Una ragazza di 26 anni sta aspettando l'autobus che la deve portare nel quartiere San Donato, quando viene avvicinata dalla donna con carrozzino al seguito, che inizia ad attaccare bottone, raccontandole in particolare di avere un bimbo, ma di non sapere chi fosse il padre poiché aveva avuto relazioni sentimentali con due uomini di colore, un senegalese e un keniano. Stando alla ragazza, la donna «non era lucida» e «dava l'impressione di avere problemi psichici», di essere insomma «un po' fuori di testa».
«I DUBBI SULLA PATERNITA'»
«A un certo punto - riferisce la 26enne agli inquirenti - la donna, sempre con il suo parlare frenetico, chiedeva se volessi prendere io il bimbo perché non sapeva che farsene visto che nessuno dei suoi due partner l'aveva voluto riconoscere. Poi aggiungeva testuale: non so che farmene del bambino mo' lo lascio sotto casa del keniano, tanto io non lo voglio». In quel momento arriva l'autobus e la giovane, scioccata, va via, allertando però all'istante il 113. Vengono effettuate immediatamente le indagini, ascoltati i titolari dei negozi vicini alla fermata. Il proprietario di un bar dice di aver visto la 38enne due volte nella sua attività. Poi il 7 dicembre viene individuata e fermata dalla polizia nei dintorni di via D'Annunzio. Il bimbo è con lei.

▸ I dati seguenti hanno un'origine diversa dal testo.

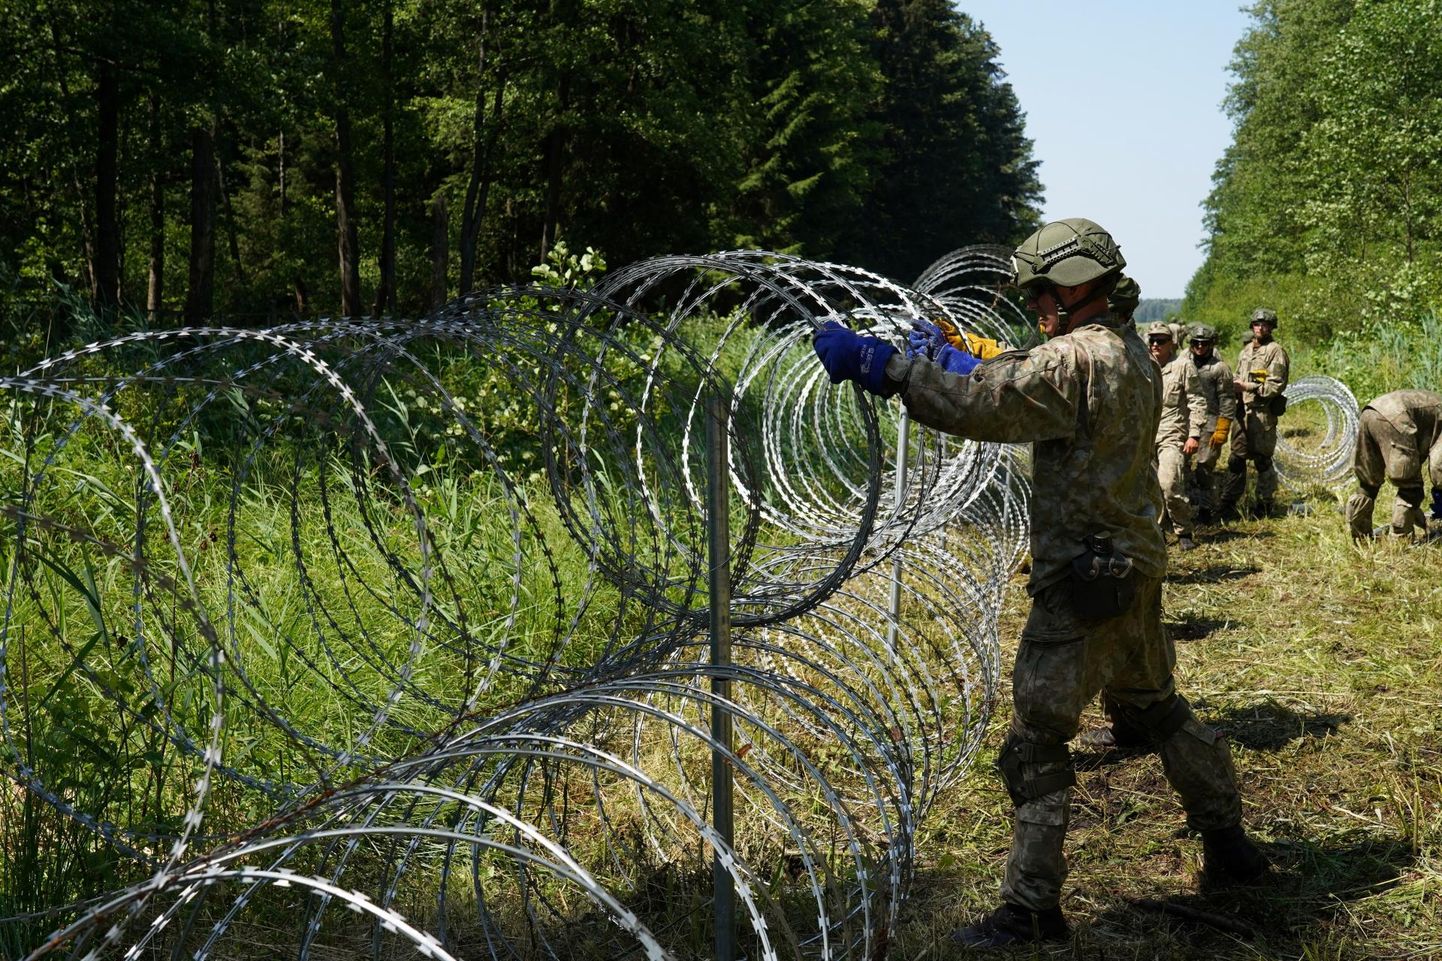 Leedu kaitseväelased Druskininkai piiritsoonis lõiketraati paigaldamas.  FOTO: Jānis Laizāns / Reuters / Scanpix

Portata in questura, la donna racconta quello che aveva riferito alla 26enne, ossia che aveva avuto due relazioni con un senegalese e un keniano, che riteneva che il piccolo fosse figlio del keniano per via del gruppo sanguigno, aggiungendo che desiderava che il padre frequentasse il piccolo, ma la compagna dell'uomo la minacciava. Nei suoi discorsi, mostra attaccamento verso il bambino. Poi racconta della sua vita, di un padre militare e benestante, che le consente di vivere di rendita, di aver studiato musica. Il tutto viene riferito «con un eloquio confuso e incontenibile». Si decide, dunque, anche su consiglio del tribunale dei minori, di far visitare la donna. I medici non ritengono necessario il ricovero. Vengono però svolti accertamenti sul suo modo di vivere, al termine dei quali arriva la decisione di affidare il neonato ad una casa famiglia. Della vicenda vengono subito avvisati i genitori, che cercano anche loro di capire quanto accaduto.